However, American investors face a stock market that’s already richly valued, and a bond market that produces only modest yields and returns.
Fortunately, other options are available for investors who want to capture big dividends and hold risk to a minimum. For instance, preferred stocks generally provide lower volatility than common stocks and yield close to 6% right now. Real estate investment trusts (REITs) provide diversification and yields often between 3% and 5%. Still other pockets of the market are specifically designed to counter market volatility.
If you’re looking to hide out somewhere other than traditional American stock and bond strategies, here are 12 alternatives that tend to deliver higher yields, extra-stable performance or both.
Data is as of Oct. 23, 2018. Fund expenses provided by Morningstar.
Market value: $15.2 billion
SEC yield: 5.4%*
Expense ratio: 0.46%
With more than $15 billion of assets under management, iShares U.S. Preferred Stock ETF (PFF, $36.13) is the most popular of the preferred stock ETFs.
Preferred shares are known for their bond-like payments, as well as yields that are typically much richer than most bonds. PFF is passively managed and designed to mirror the performance of a benchmark index. The ETF’s portfolio consists of more than 300 preferred-share issues, primarily from the banking (36%), diversified financial (24%), real estate (12%) and insurance (10%) sectors. The preferred stocks are issued by companies such as Becton Dickinson (BDX), Barclays (BCS), Citigroup (C) and Sempra Energy (SRE).

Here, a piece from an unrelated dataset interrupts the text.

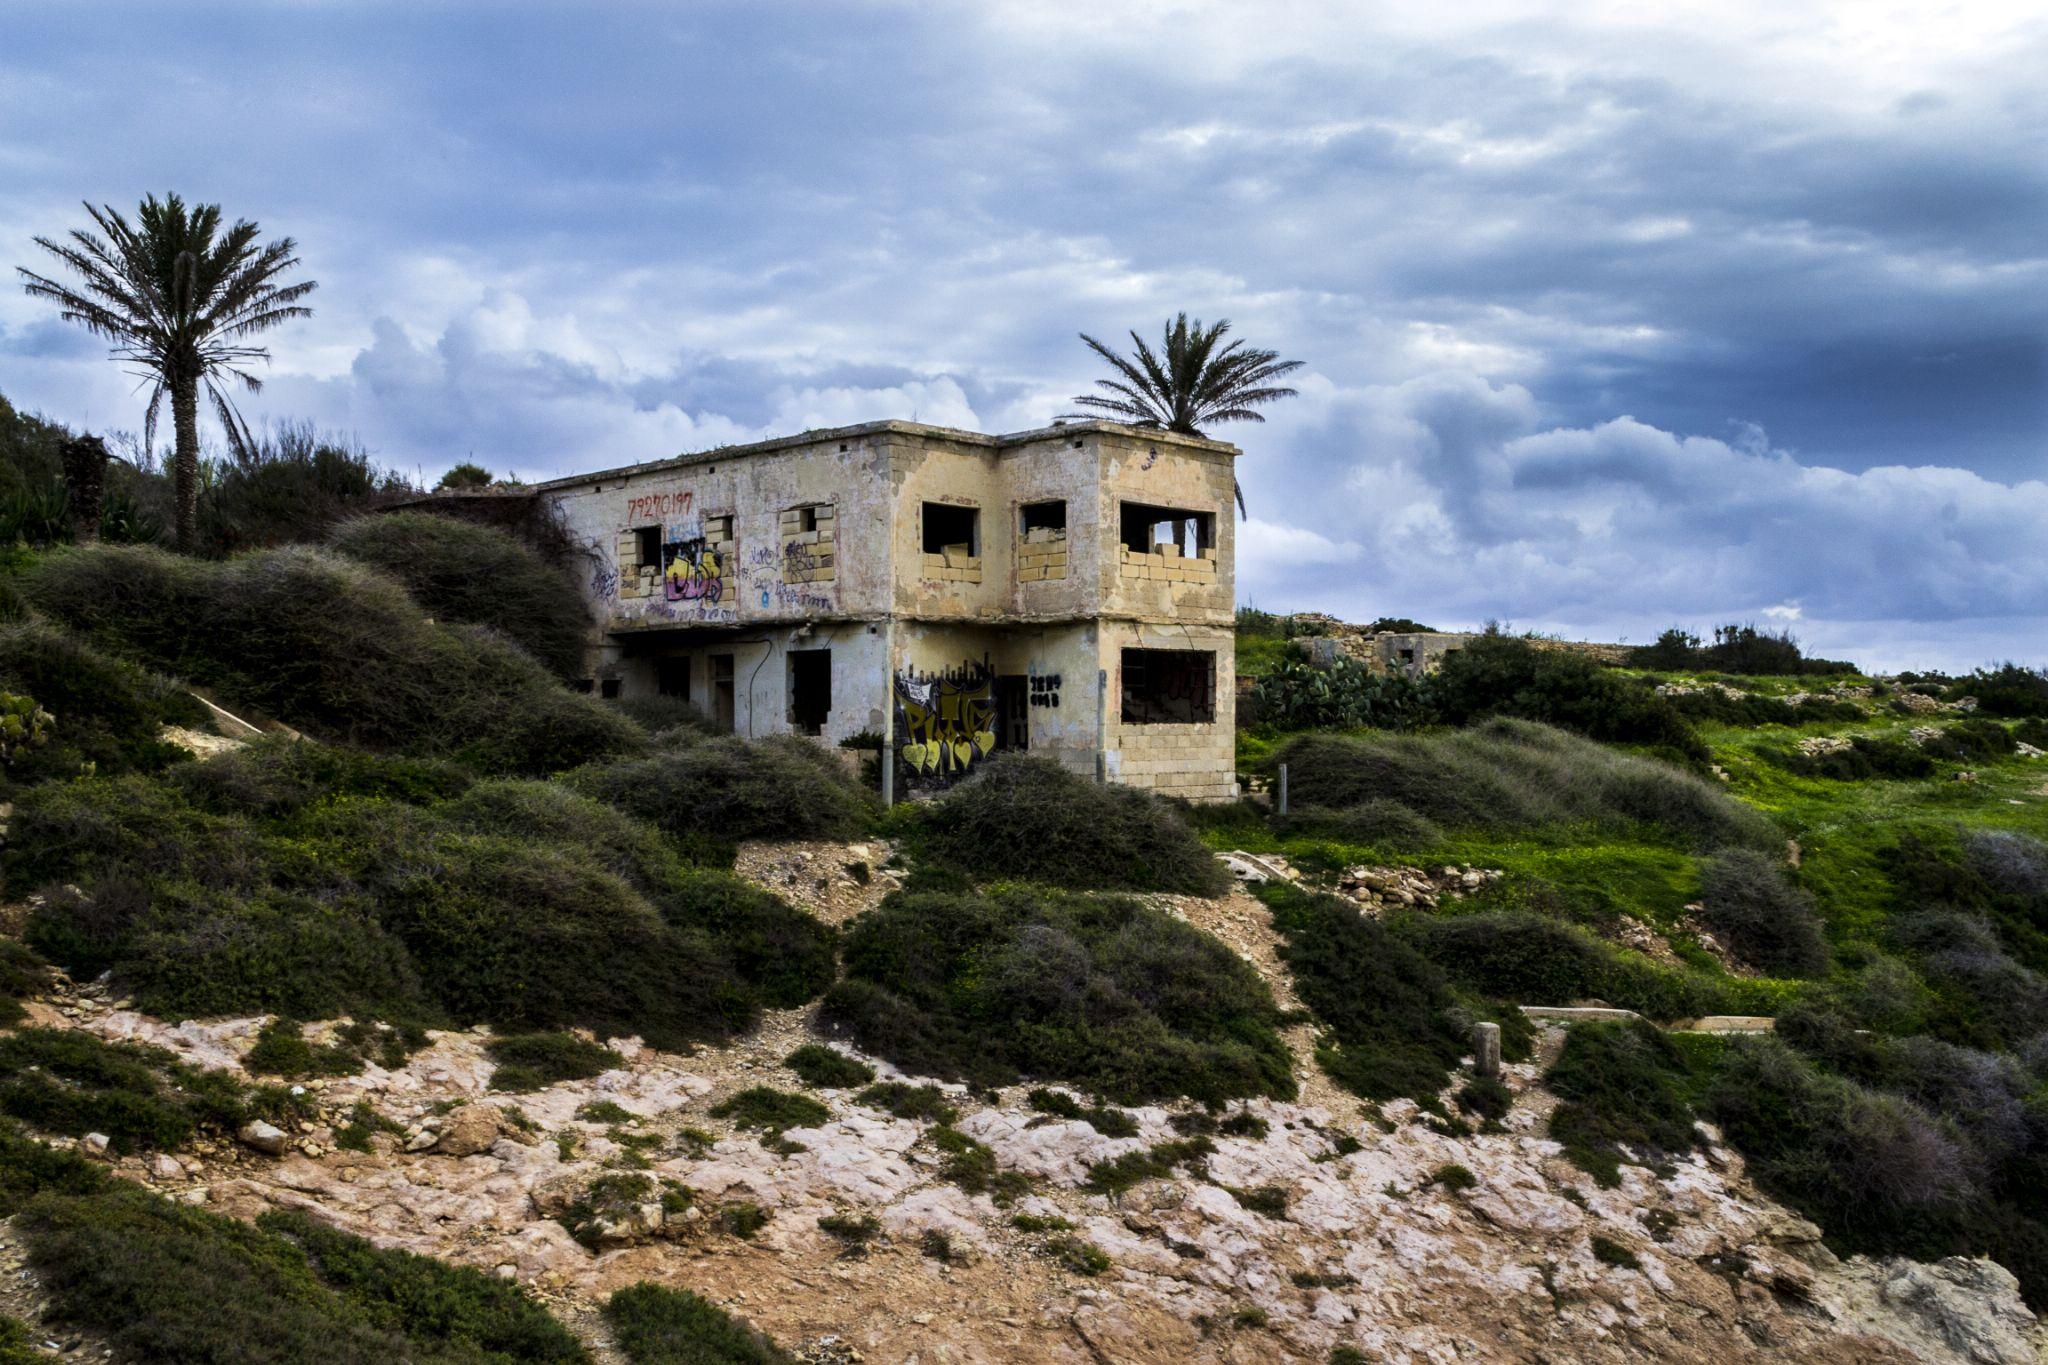 Abandoned by Gareth Schembri
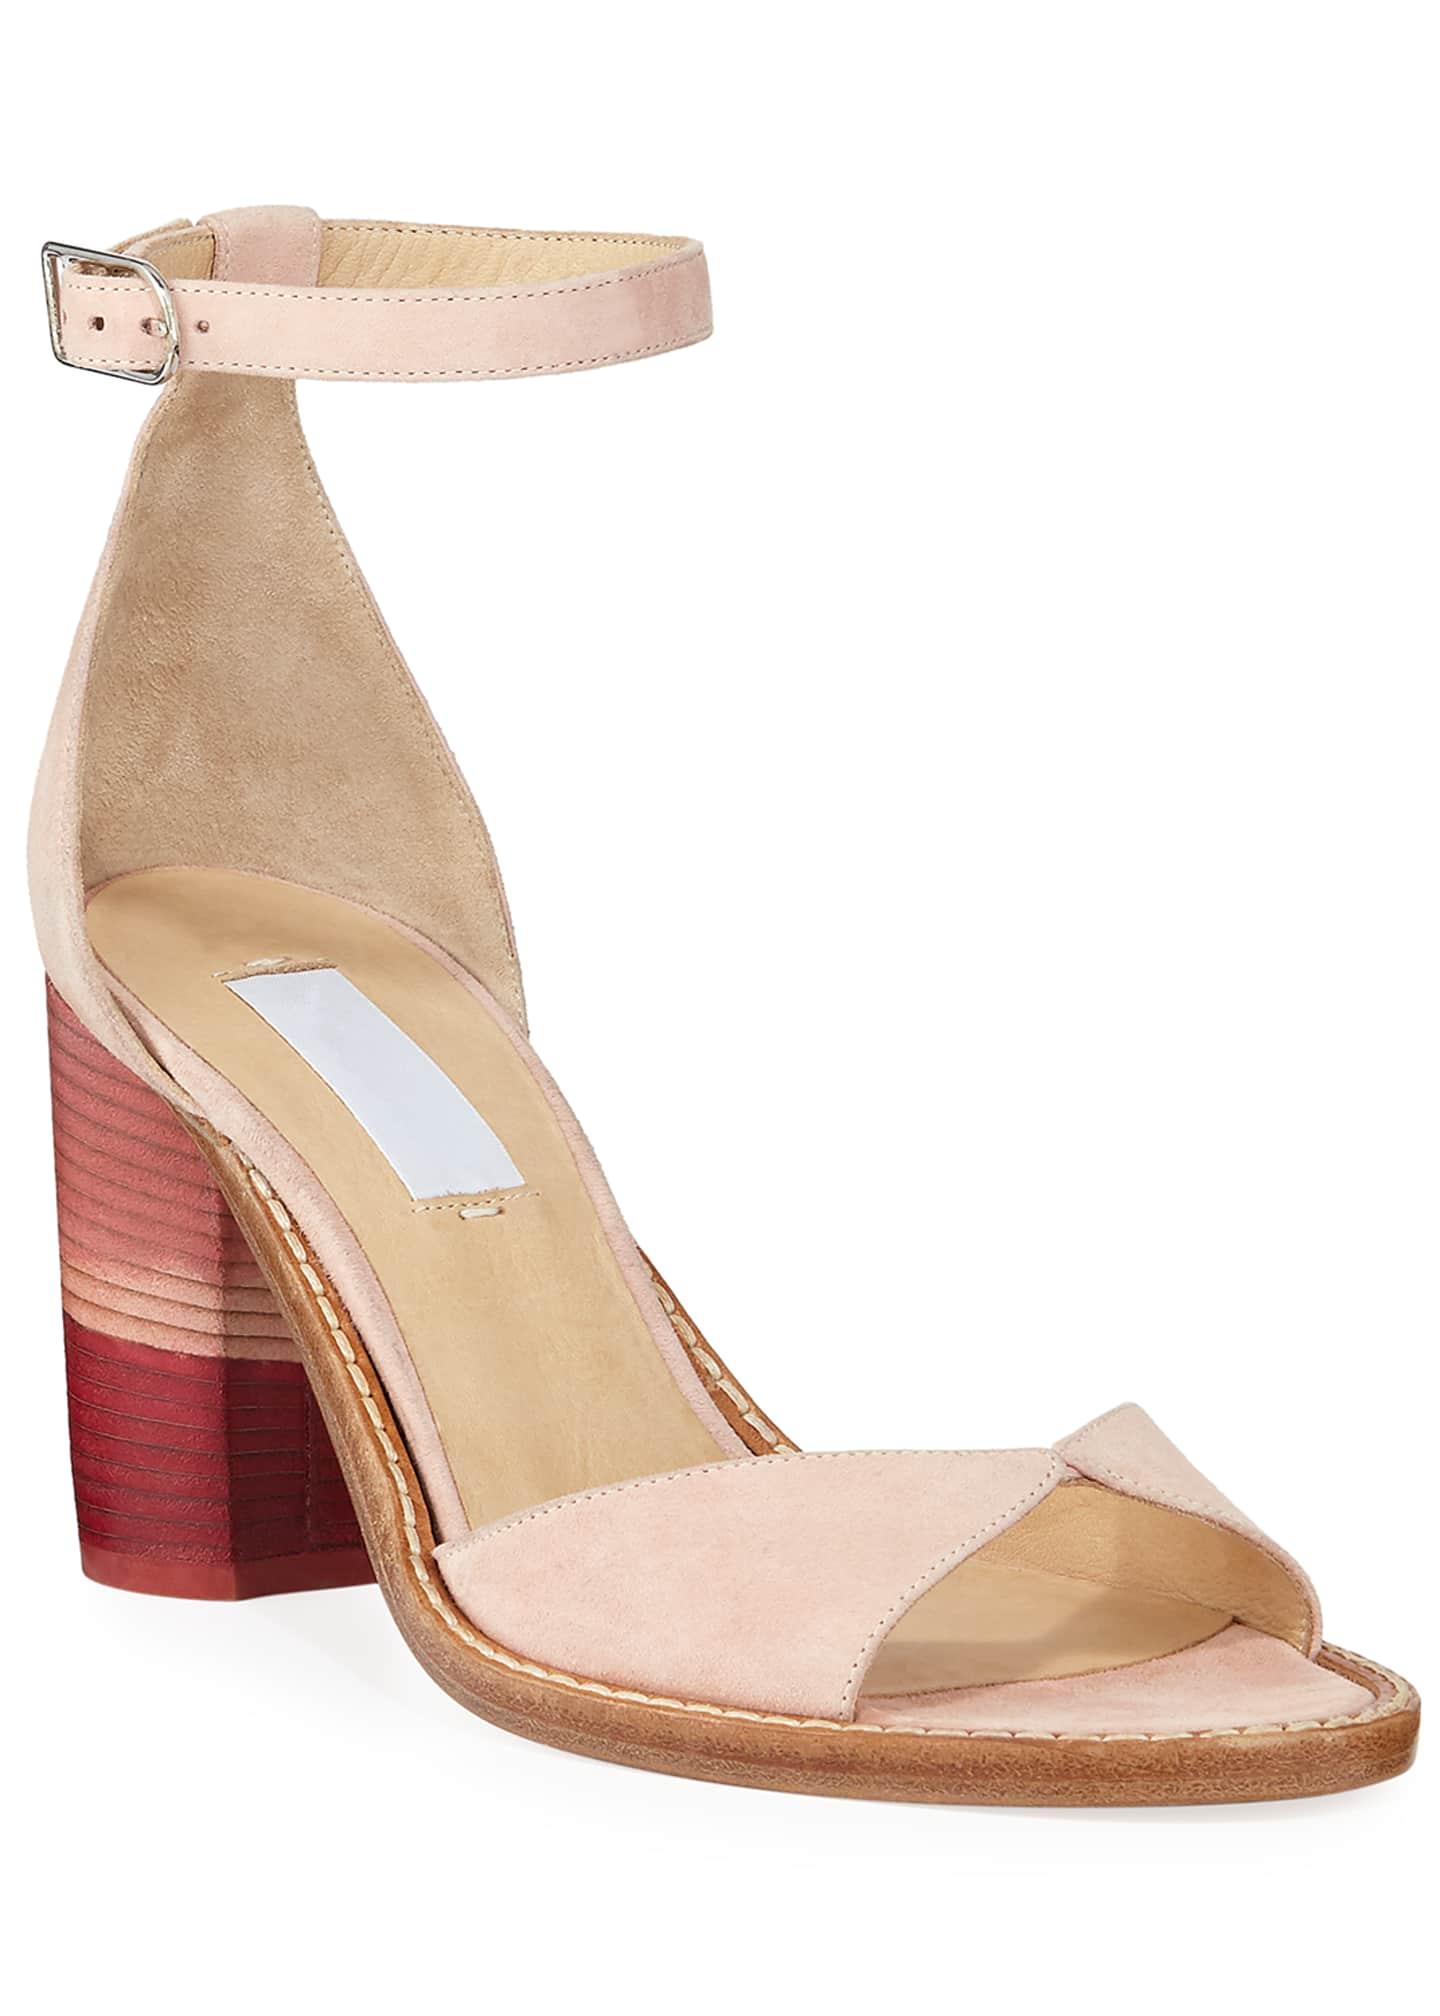 Gabriela Hearst Adi Suede Ombre Sandals

PFF’s 0.46% net expense ratio is below the 0.51% average for this fund category, according to Morningstar. The ETF also has a very low equity beta (0.15%), indicating much less price volatility than the broader U.S. stock market. Better still, its high-yield distributions are paid monthly.
PFF launched in March of 2007 and has generated three- and five-year annual returns of 4.5% and 5.3%, respectively, and a 10-year annual return of 6.4%. Those aren’t rip-roaring growth numbers – but strong returns given the lack of volatility investors enjoy.
*SEC yield reflects the interest earned after deducting fund expenses for the most recent 30-day period and is a standard measure for bond and preferred-stock funds.
Market value: $4.9 billion
SEC yield: 5.8%
Expense ratio: 0.51%
Invesco Preferred Portfolio ETF (PGX, $13.99), like PFF, is passively managed but tracks the performance of a different preferred-stock index. PGX launched in 2018 and holds investments in roughly 260 preferred securities. Its portfolio allocation is slightly more aggressive than the iShares product, with sector concentrations in financial (69%), real estate and utilities (10% each) and telecommunications (6%). Its top holdings, then, are unsurprisingly high in banks – Barclays, Citigroup, BB&T Corp (BBT), PNC Financial Services Group (PNC) and Bank of America (BAC).
This ETF has delivered three- and five- year annual returns of 5.2% and 7.0%, respectively. This is slightly less than the index it seeks to emulate, which has delivered annual returns averaging 5.5% and 7.3%, respectively, but better than the PFF. Over the past decade, PGX has returned roughly 8.5% per year.
The fund’s expense ratio is higher than the iShares product, but still quite manageable at 0.51%, which Morningstar says is average for this type of fund. And like PFF, distributions are paid monthly.
Market value: $4.6 billion
Dividend yield: 2.7%*
Expense ratio: 0.58%
Foreign stocks continue to be cheaper than U.S. stocks. However, with economic growth picking up in various parts around the globe, this may present a timely opportunity to look for dividends overseas.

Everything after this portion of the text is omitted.